(Exercise data)

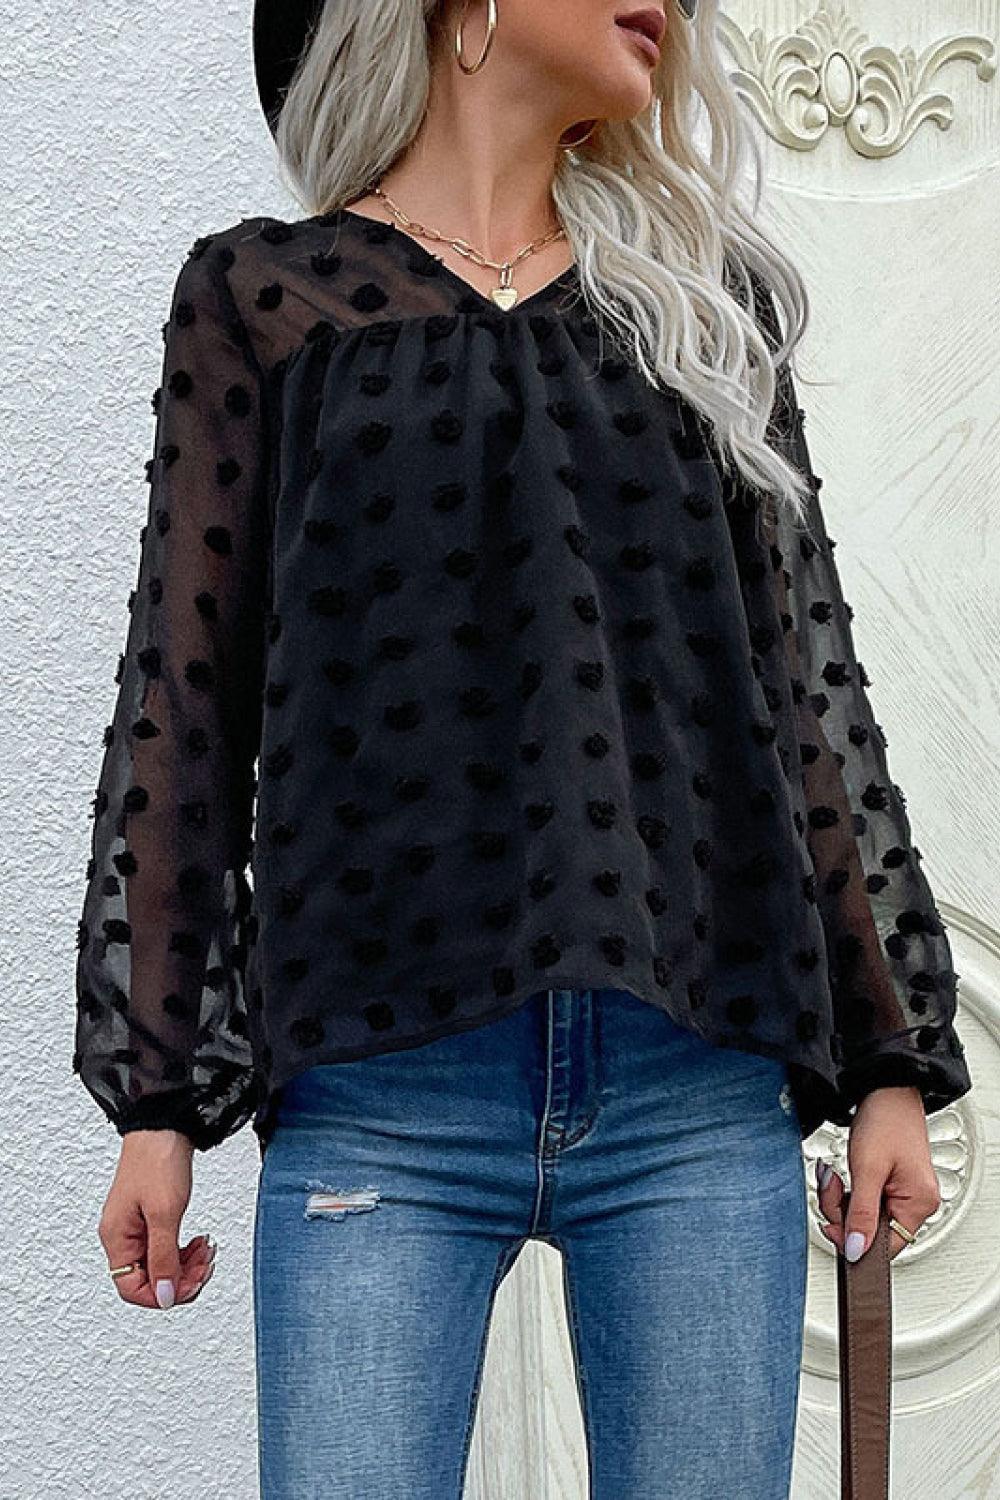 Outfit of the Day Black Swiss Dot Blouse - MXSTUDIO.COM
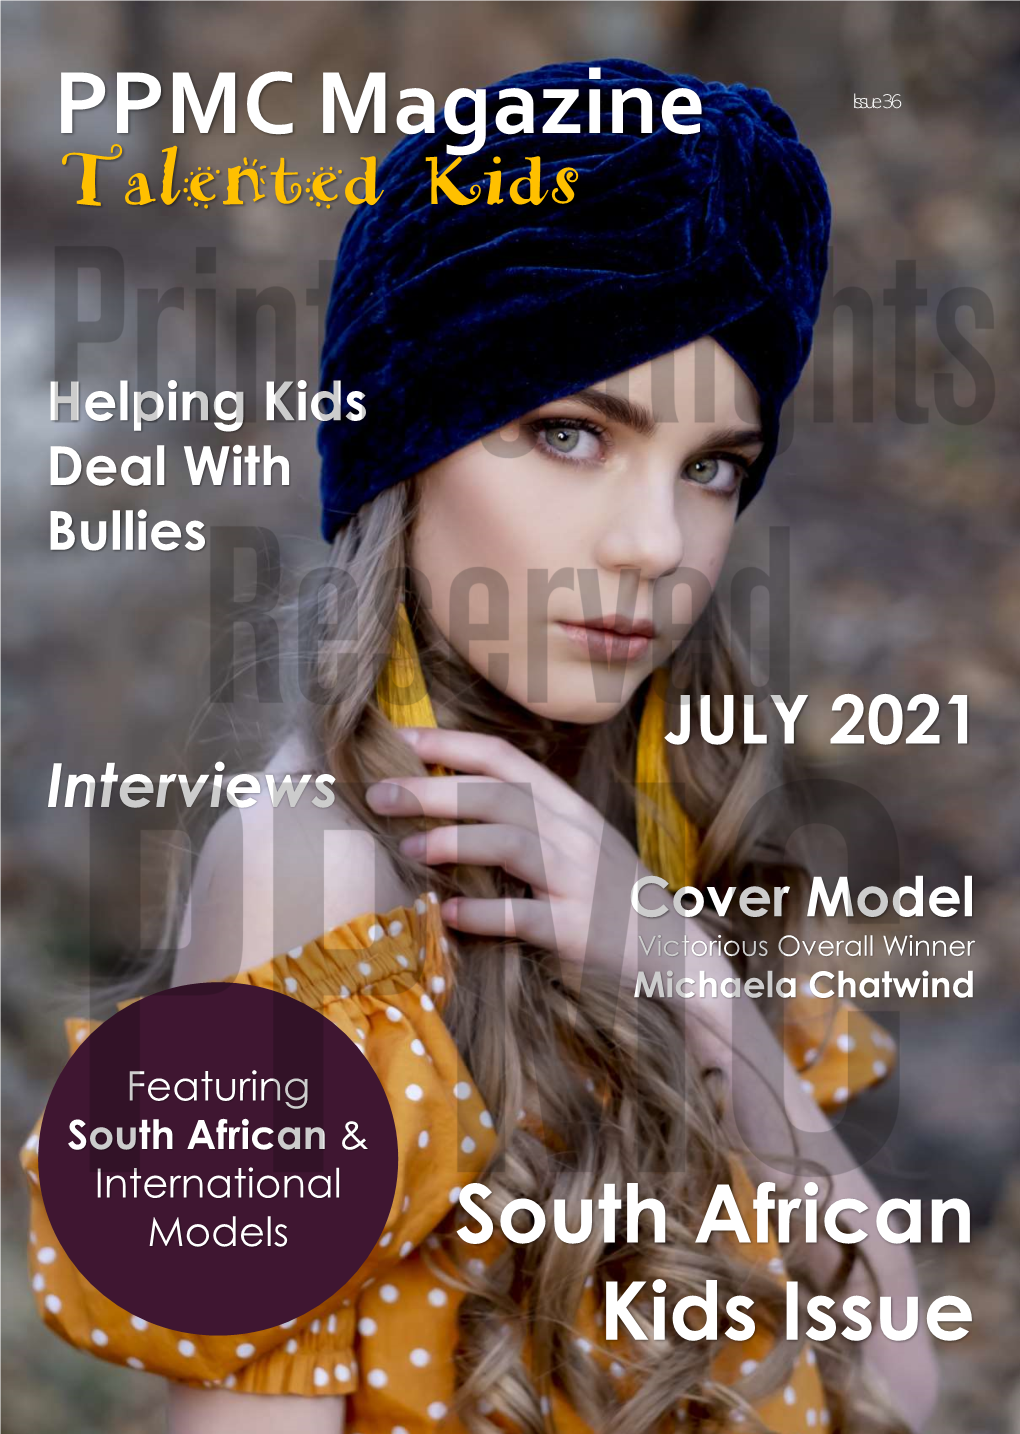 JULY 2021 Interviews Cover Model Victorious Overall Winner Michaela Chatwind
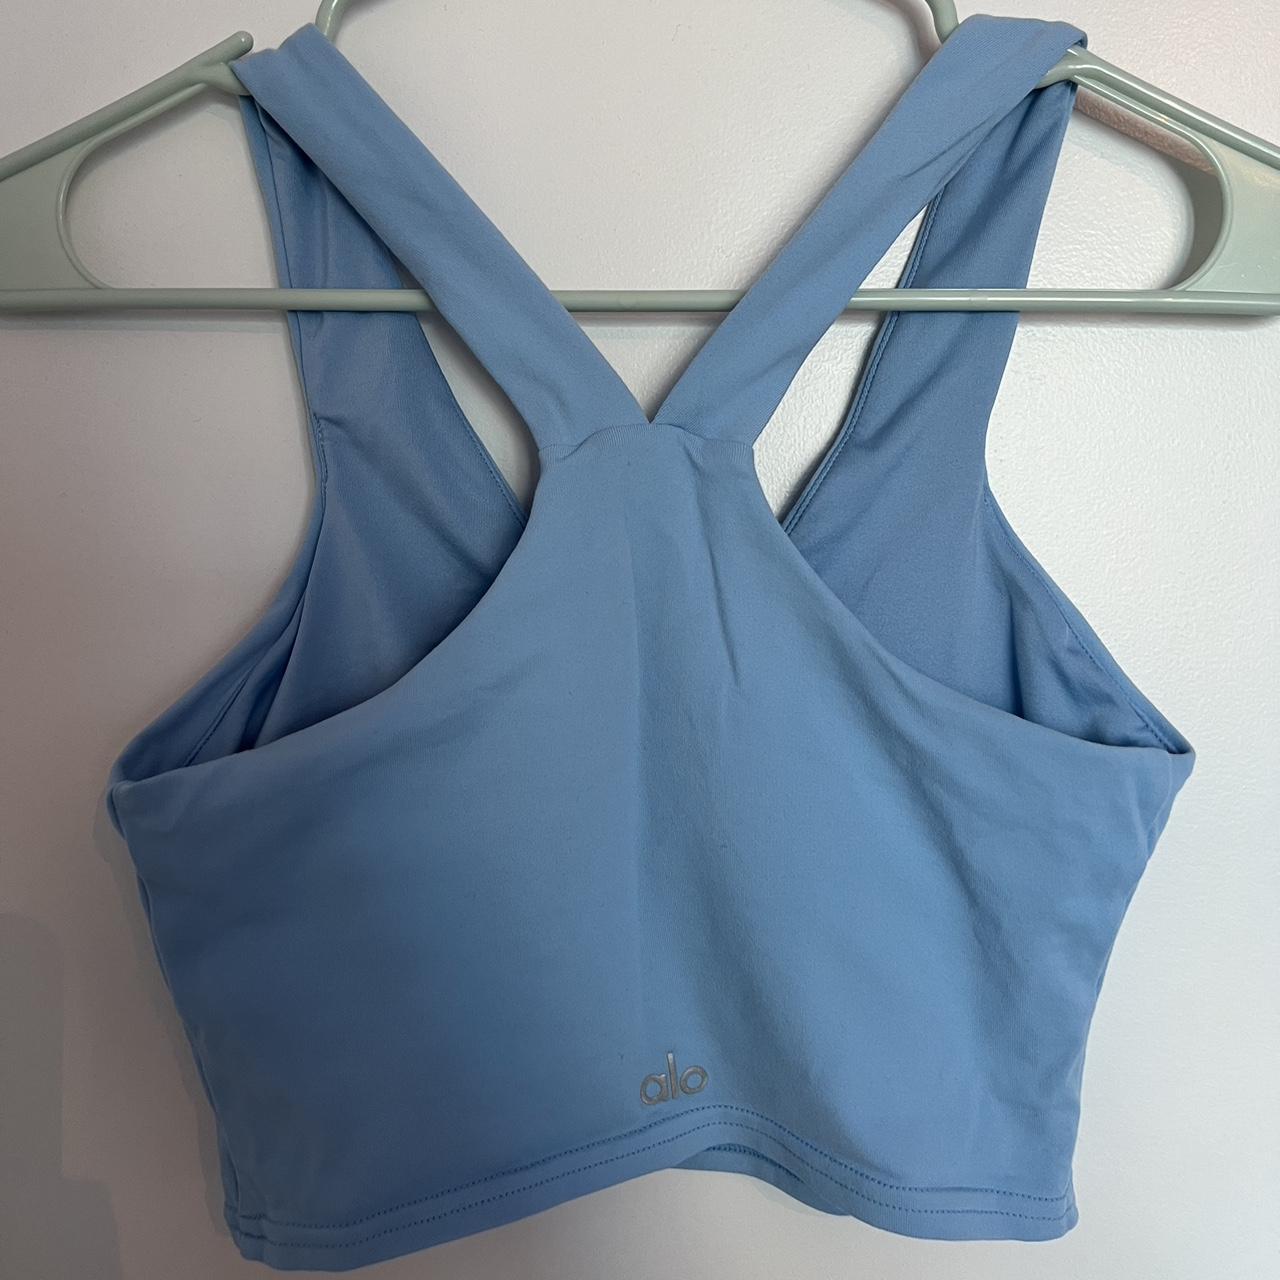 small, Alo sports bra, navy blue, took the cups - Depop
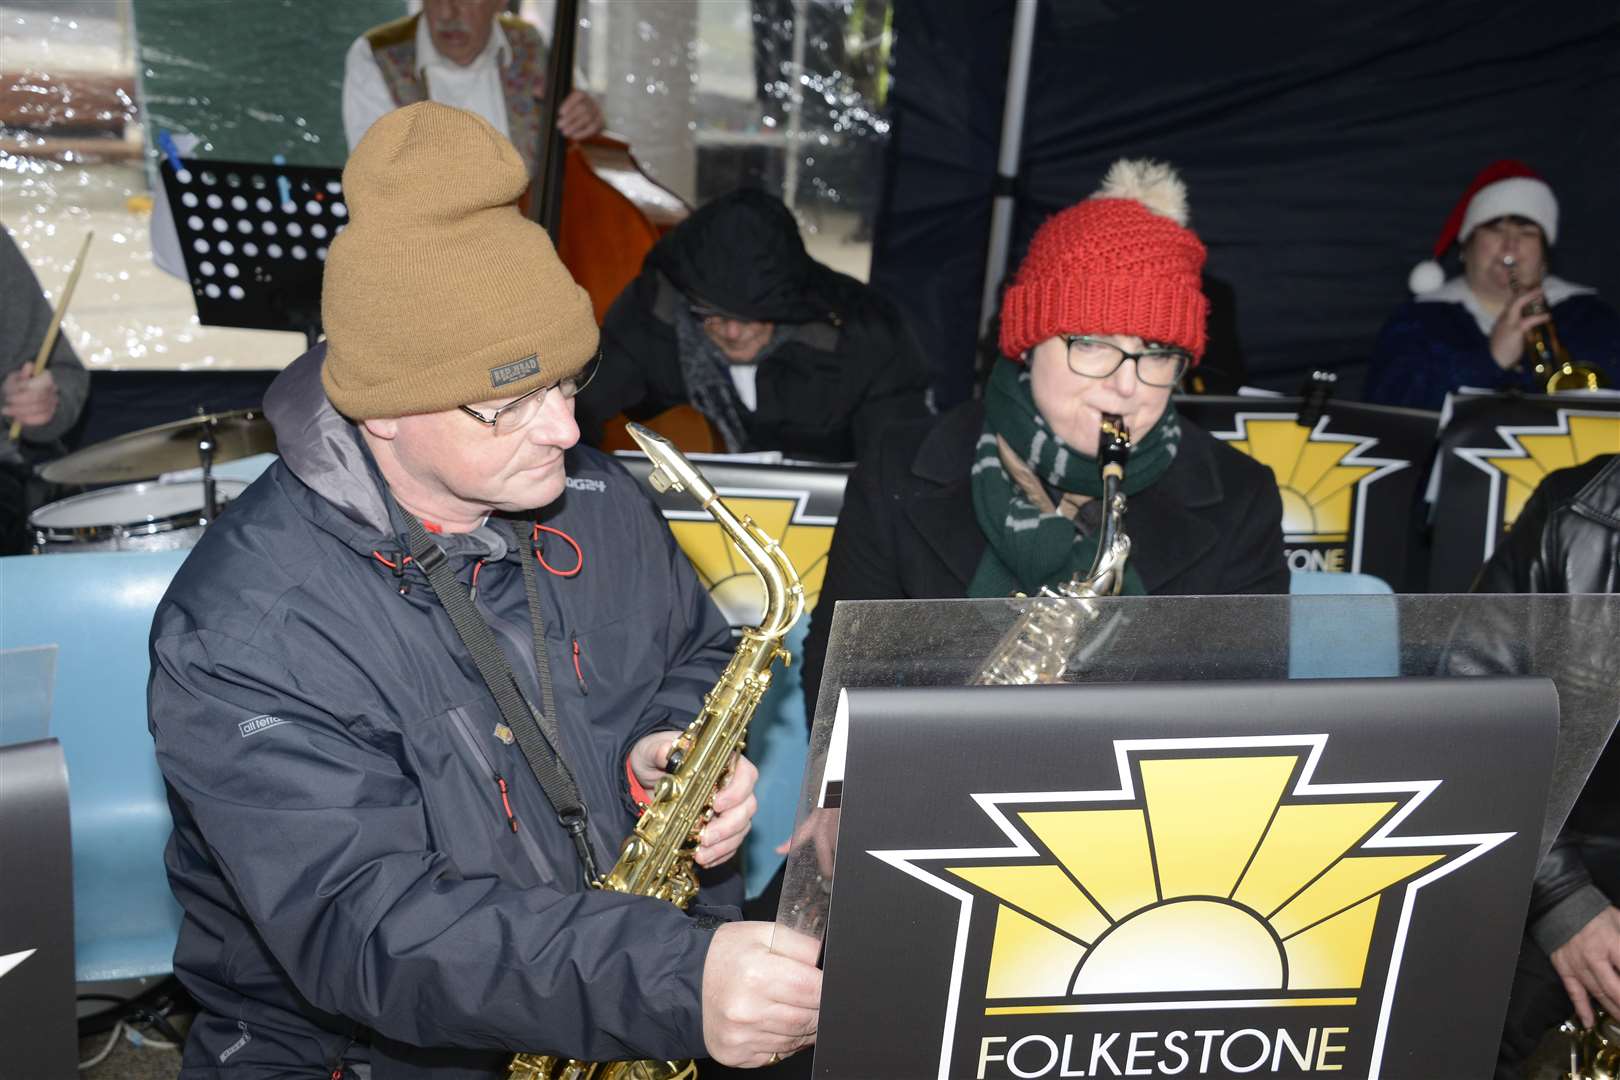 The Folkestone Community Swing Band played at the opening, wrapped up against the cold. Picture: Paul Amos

(End Exercise data)

▶ _Task prompt_:
All of the data above should be printed again exactly, though none of the pictures belong in the copy.

▶ _Finished exercise_:
 Outfit of the Day Black Swiss Dot Blouse - MXSTUDIO.COM
 JULY 2021 Interviews Cover Model Victorious Overall Winner Michaela Chatwind
 small, Alo sports bra, navy blue, took the cups - Depop
 The Folkestone Community Swing Band played at the opening, wrapped up against the cold. Picture: Paul Amos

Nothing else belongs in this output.